В 1996 году мы снова заговорили об отце Франциске Будрисе. Это случилось на первой выставке, посвященной истории нашего прихода, которая проходила в городском музее. У витрины с довольно размытой фотографией Будриса остановилась пожилая женщина и воскликнула: «Да это же ксендз Будрис». В последний раз она видела Будриса почти семьдесят лет назад. Дочь одного из активистов прихода начала 1920-х годов – Анна Мариановна Робакевич была уже второй, кто встречался с ксендзом Будрисом.
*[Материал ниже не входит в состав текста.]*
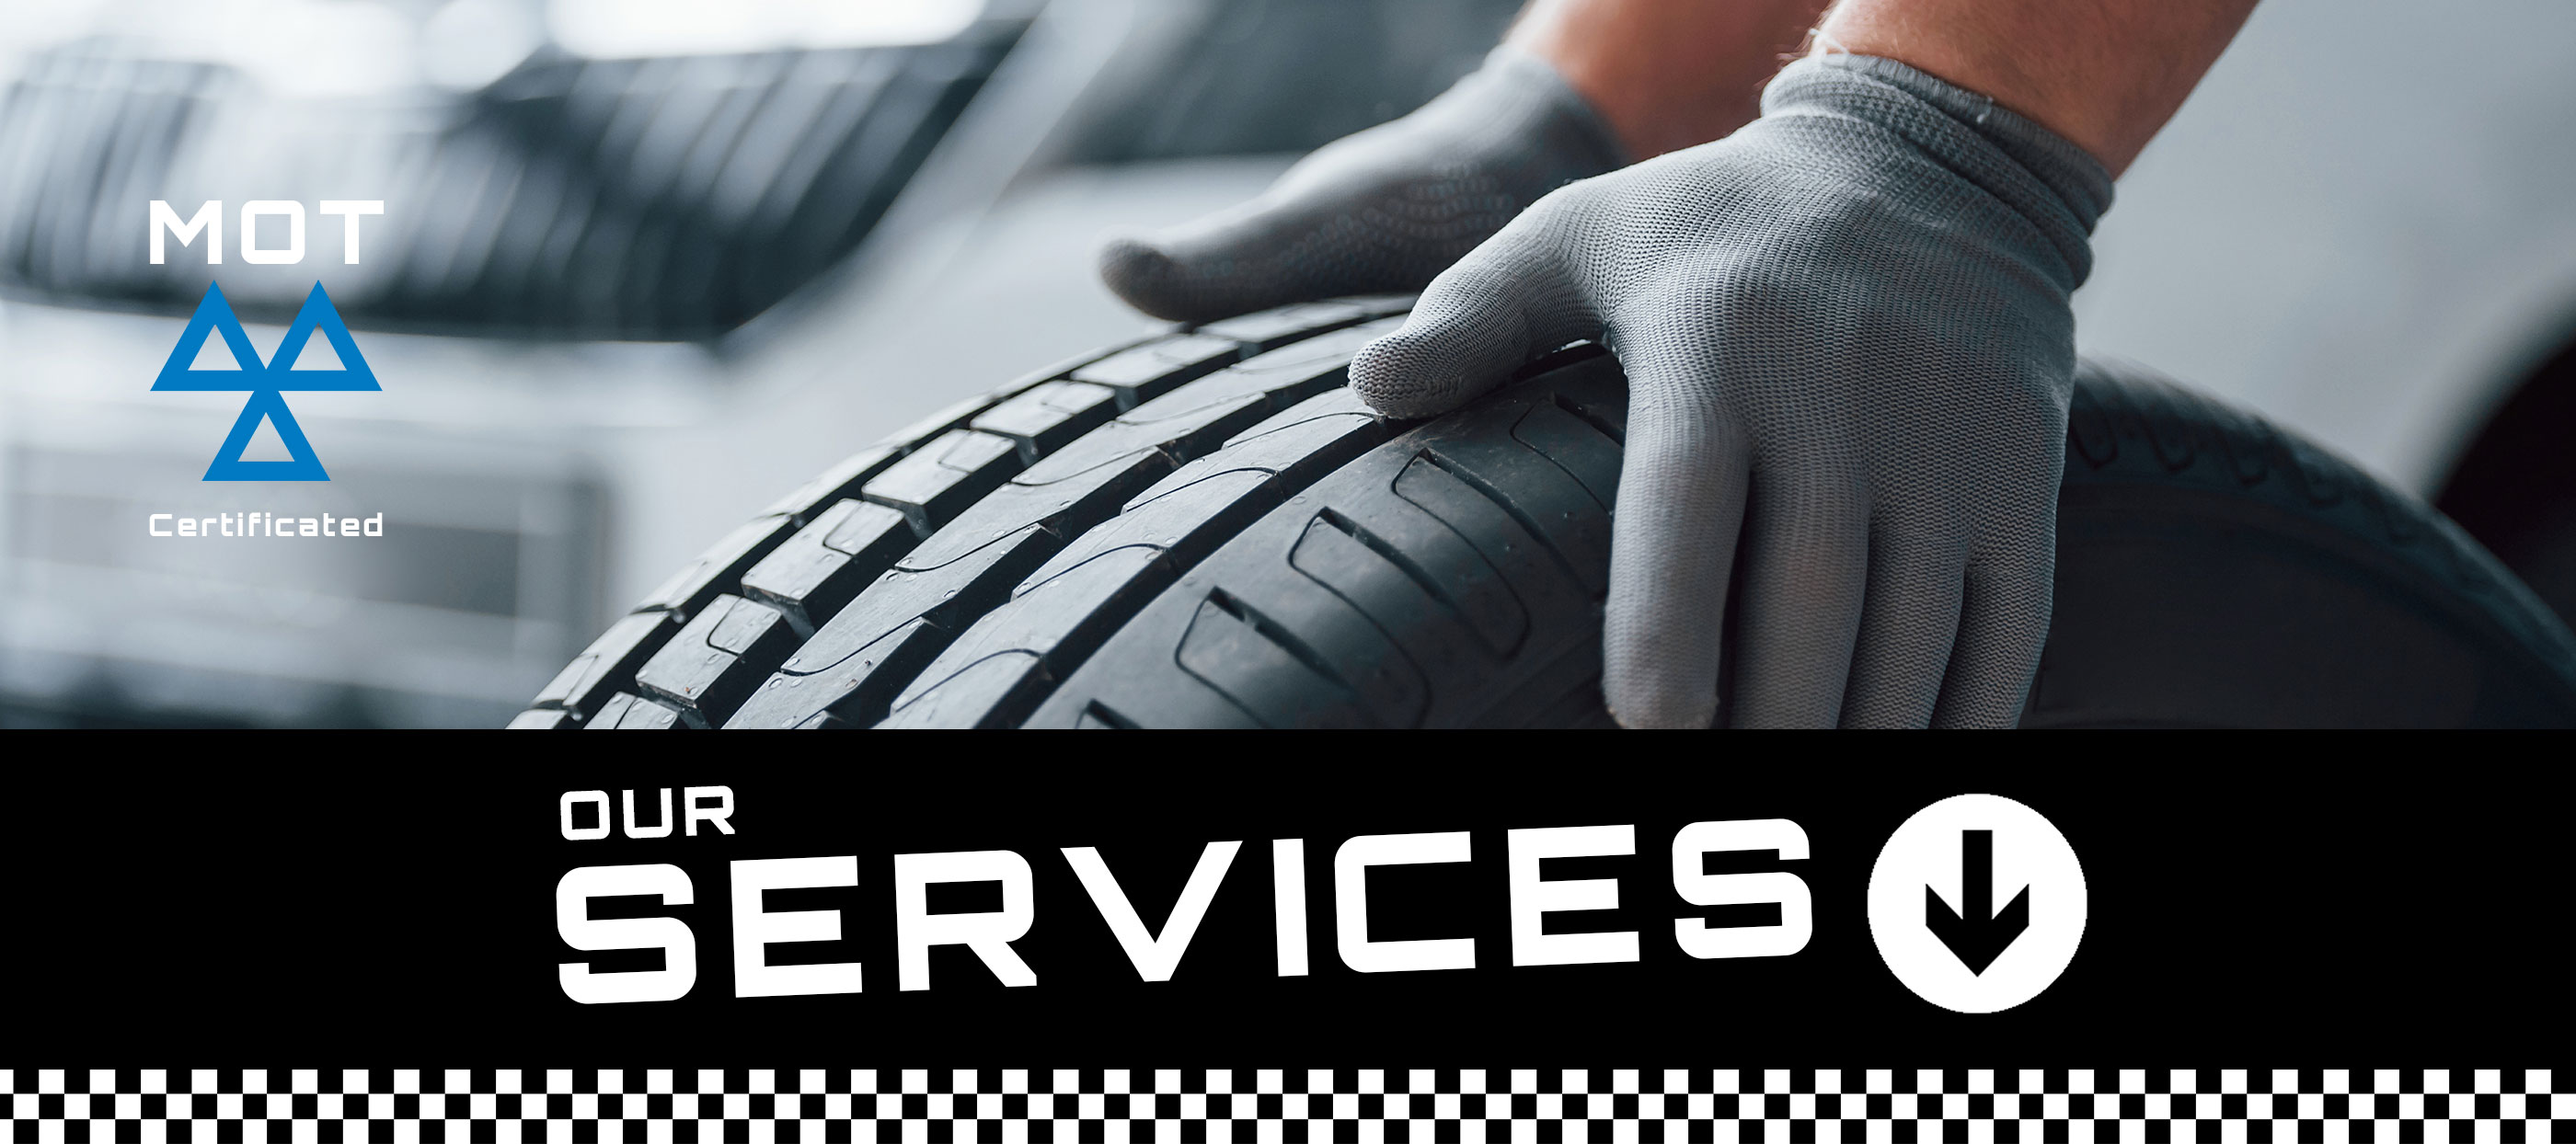 MAB - MOT services & Tyres

Правда, ничего нового, кроме какого-то особого трепетного отношения, с каким эта старушка произносила имя священника, она к биографии отца Франциска не добавила. Однако, уже то, что она узнала священника через семьдесят лет, глядя на его фотографию, было удивительно.
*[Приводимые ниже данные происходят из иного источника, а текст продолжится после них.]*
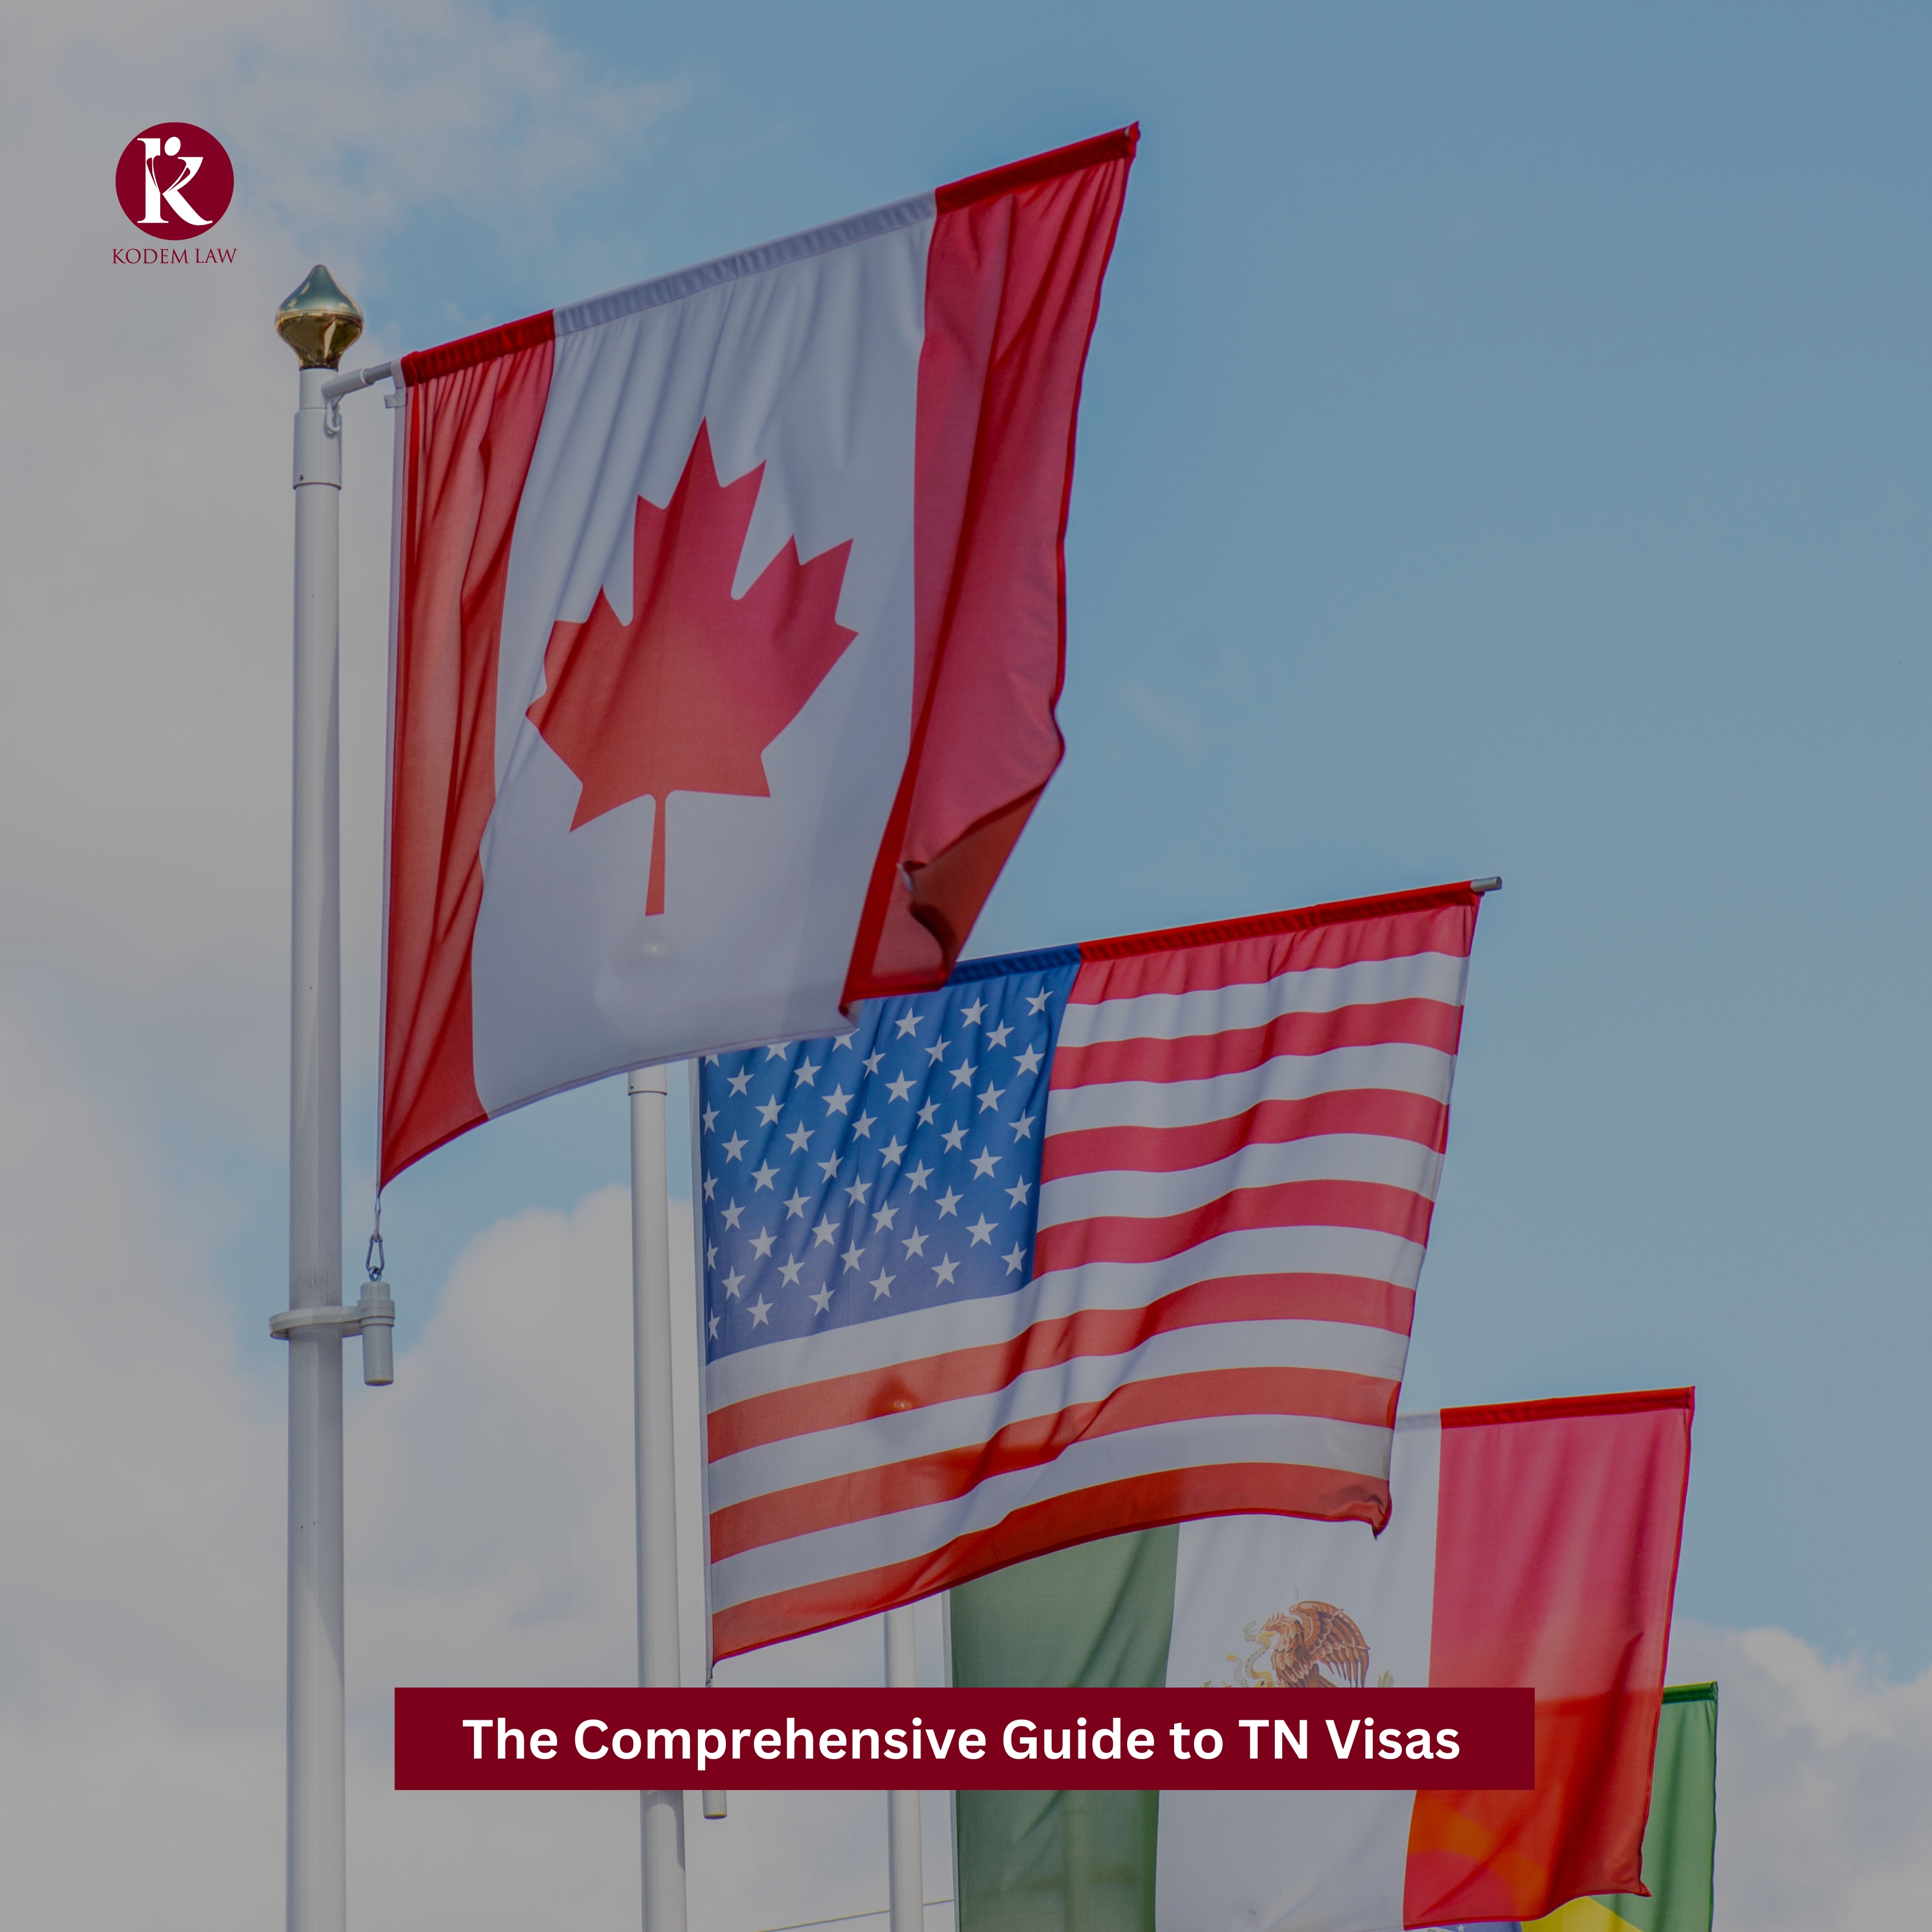 The Comprehensive Guide to TN Visas

Со временем удалось найти еще двух свидетелей, помнящих отца Франциска. Новый храм в 1996 году начали возводить в одном из трех домов на ул. Гоголя,9, некогда принадлежавших общине. Несколько дней спустя после знакомства с Анной Мариановной к нашему храму лихо подрулила машина. Ее водитель, пожилой, но крепкий мужчина, отрекомендовался как бывший жилец Гоголя, 9. Георгий Андреевич Збыковский рассказал о том, что в детстве до ареста родителей он жил в этом доме, а их частым гостем был ксендз Будрис. Он хорошо запомнил пикники, на которые они выезжали вместе с Будрисом. Его родители дружили со священником и последний даже жил у них какое-то время. Георгий Андреевич хорошо запомнил богатую библиотеку ксендза, к которому приходил полистать книги. Последний раз ксендз Будрис приезжал к ним в середине 1930-х. В 1937-м родителей Георгия Збыковского арестовали, через месяц их расстреляли, а его и брата, взяли на воспитание родственники. Посмотреть, что стало с домом его детства он приехал, когда узнал, что здесь снова начал свою работу католический приход. Уже позднее, из архивных документов, мне довелось узнать, что семья Збыковских принадлежала к «костяку» общины. Вместе с ксендзом Будрисом их арестовывали безо всякого повода в 1925, по одному и тому же делу они были арестованы в 1937-м. Именно эта семья поддержала пастыря, когда он лишился прав (как священнослужитель), а вместе с ними и жилья. Для Георгия Збыковского имя Будриса было связано с самыми светлыми страницами его детства.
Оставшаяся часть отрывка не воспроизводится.